- Opening credits of Extinct
- Genre: Documentary
- Presented by: Zoe Ball Sir Trevor McDonald
- Country of origin: United Kingdom
- No. of episodes: 5

Production
- Running time: 60 minutes (including adverts)
- Production company: Endemol UK

Original release
- Network: ITV
- Release: 9 December – 16 December 2006

= Extinct (2006 TV series) =

Extinct is a British television series that aired on ITV in 2006. It features eight celebrities highlighting the plight of some of the world's most endangered species and was presented by Zoe Ball and Sir Trevor McDonald.

During the series, the public were asked to phone in and vote for which animal they wanted to receive 50% of the money raised through the phone votes, via the charity WWF. The winning animal got over £178,000 and the remaining seven shared £178,000. A sister programme called Extinct - The Quiz also aired at the same time.

==Format==
In the first four episodes, two celebrities presented the case for their animal. A short video documentary was shown, where the celebrity was seen travelling to the land of the animal, explained why the animal is in danger and what can be done to help save. The eight celebrities were;
- Anneka Rice, television presenter - polar bear
- David Suchet, actor - giant panda
- Sadie Frost, actress and fashion designer - orangutan
- Michael Portillo, former MP - hyacinth macaw
- Graeme Le Saux, footballer - mountain gorilla
- Miranda Richardson, actress - Asian elephant
- Dermot O'Leary, television presenter - leatherback sea turtle
- Pauline Collins, actress - Bengal tiger

==Episodes==

| # | Airdate | Overview |
|---|---|---|
| 1 | 9 December | Anneka Rice visits the Arctic Circle David Suchet visits China |
| 2 | 12 December | Sadie Frost visits Borneo Michael Portillo visits Brazil |
| 3 | 13 December | Graeme Le Saux visits Rwanda Miranda Richardson visits India |
| 4 | 14 December | Dermot O'Leary visits Costa Rica Pauline Collins visits Nepal |
| 5 | 16 December | Final with all 8 celebrities |

===Final===
In the final programme, after each celebrity explained why the public should vote for their animal, the three with the most votes were the Giant panda, the Bengal tiger and the Mountain gorilla.

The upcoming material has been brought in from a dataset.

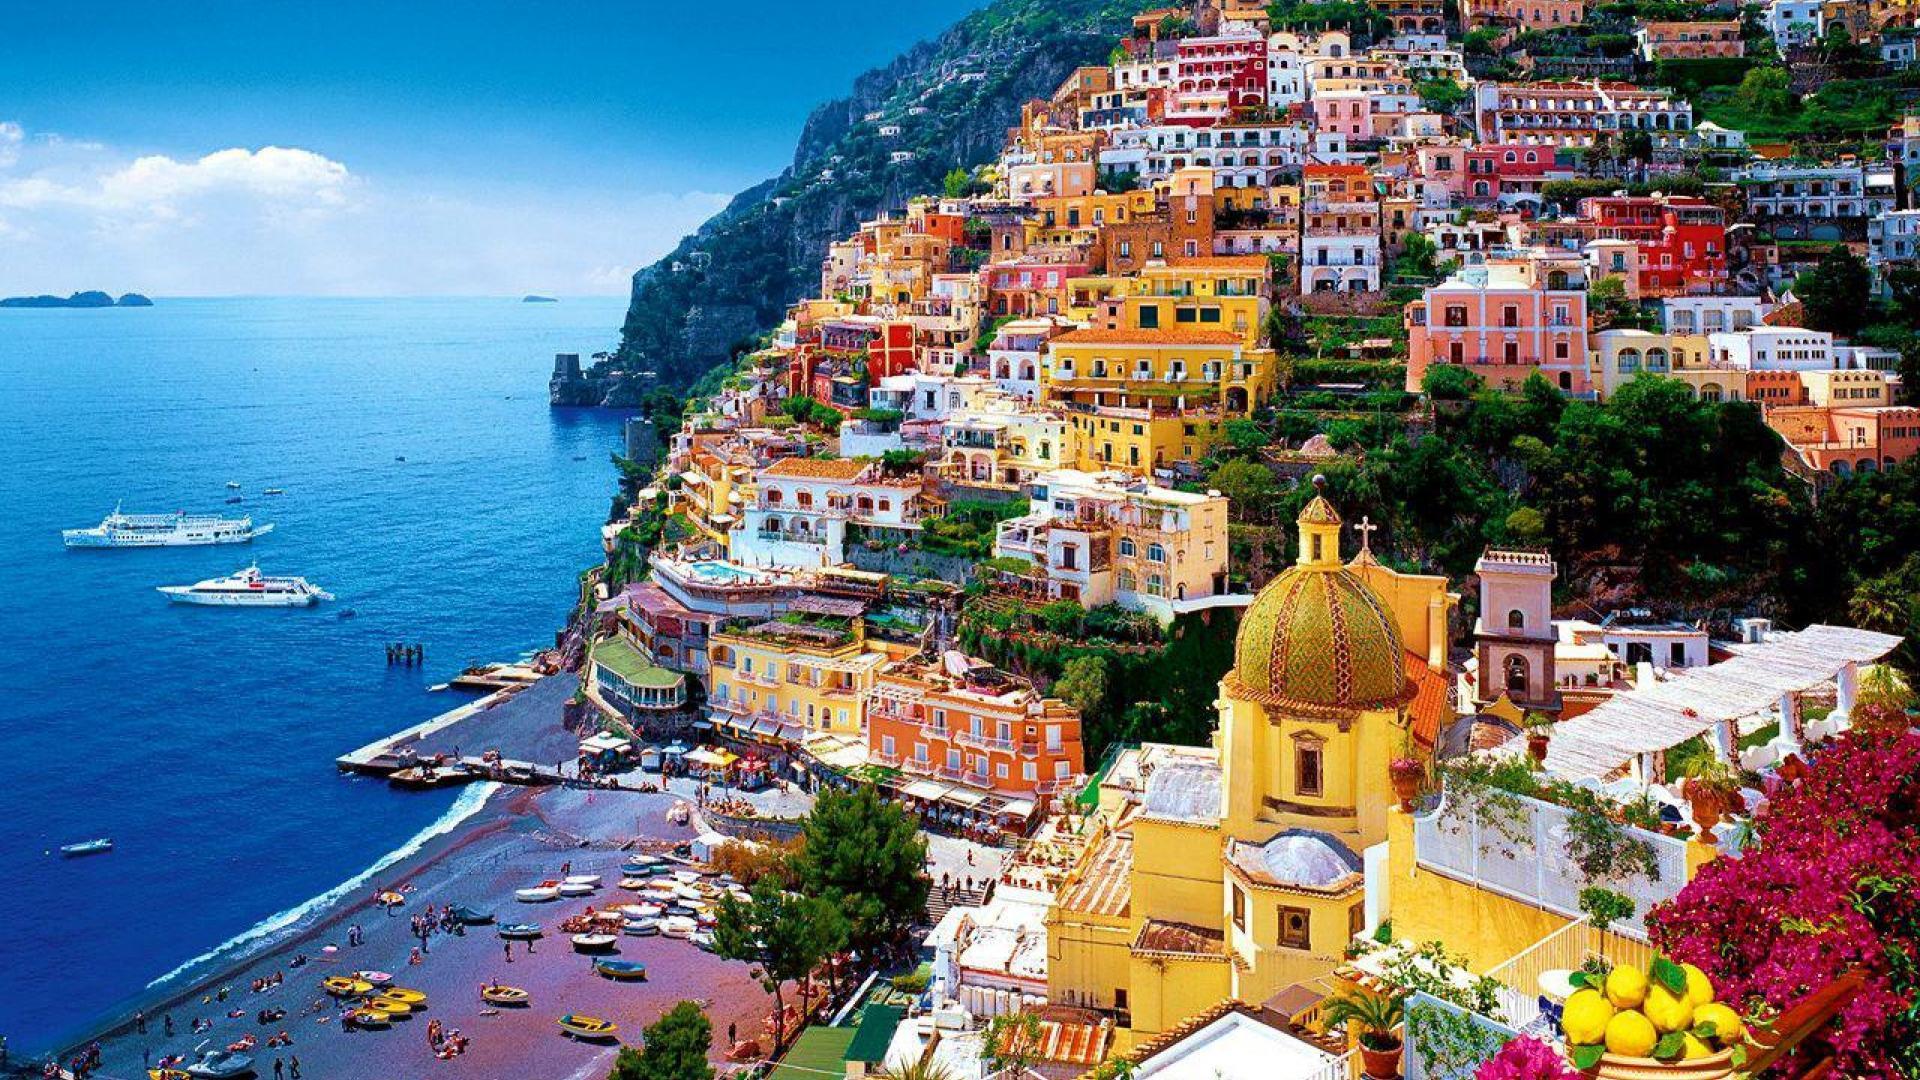 1920x1080_positano_amalfi_coast_italy-1557604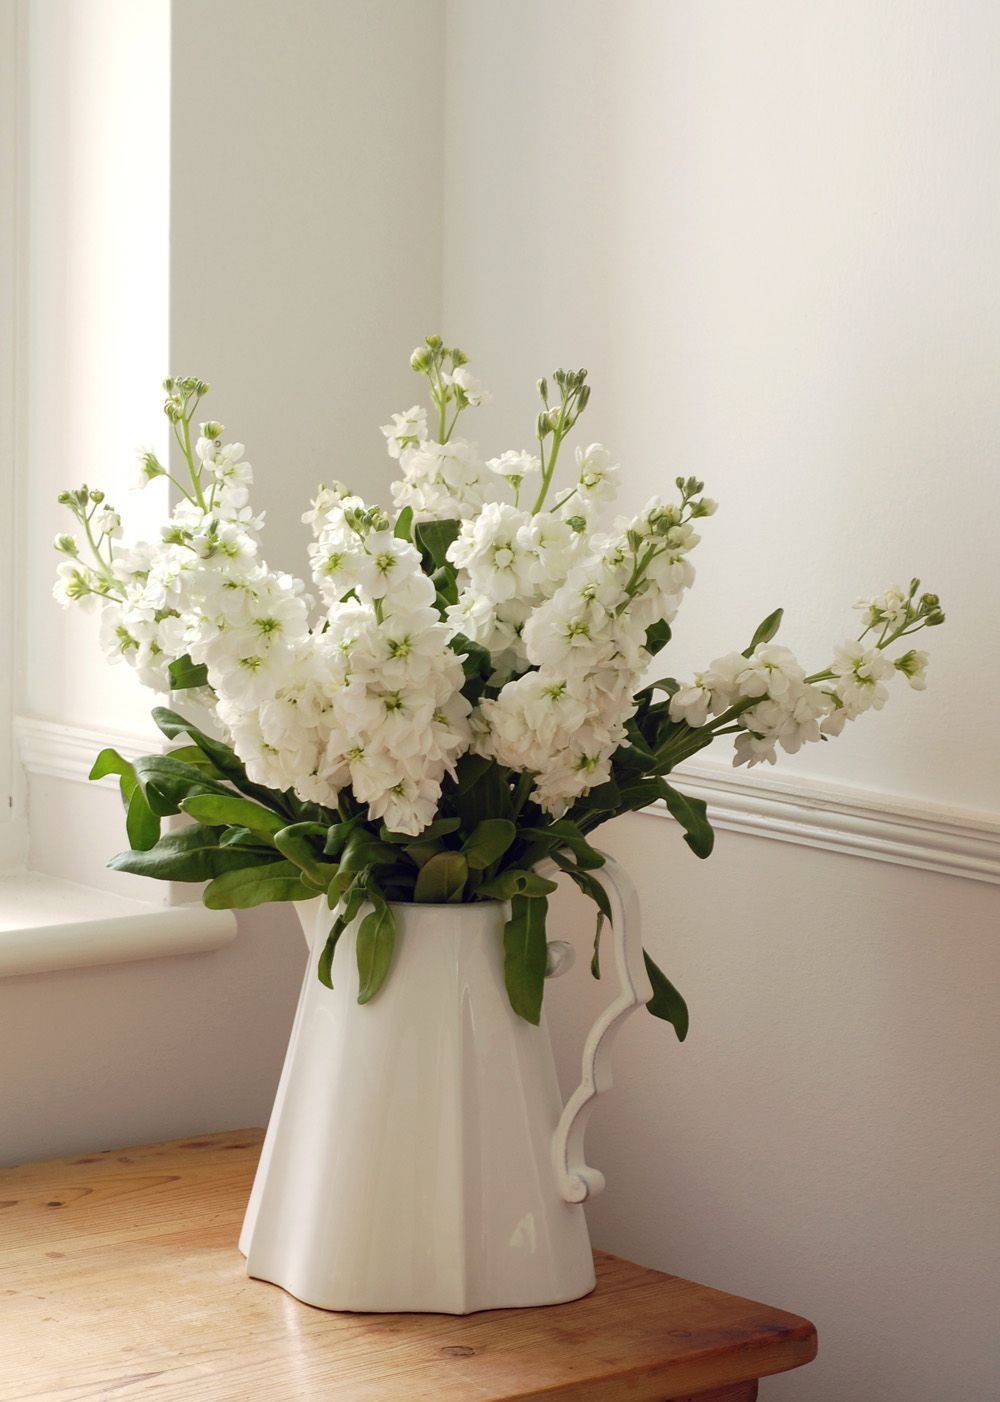 Metal Flower Pitcher Vase for Indoor Outdoor Flowers and Artificial Flowers

The most votes went to the Bengal tiger, which Pauline Collins had campaigned for.

==Extinct - The Quiz==
Extinct - The Quiz was a five-part 60 minute quiz programme that accompanied Extinct. It was hosted by Zoë Ball and featured four families being tested on their wildlife knowledge and competing to win a holiday. The first four episodes aired each day at 5pm from 12 to 15 December. The first two programmes featured four families each day, with the next two programmes being semi finals. The final was on 16 December at 4.00pm.

==Reception==
Winnie De'Ath, then Director of Communications for the WWF, praised the programme for giving WWF "a fantastic opportunity to reach a high audience". She also said that Extinct had "enabled us to highlight the reality of our work on the ground - showing issues such as people struggling to make a living from their natural resources. The response has been fabulous, and has raised vital funds to help us continue our urgent work."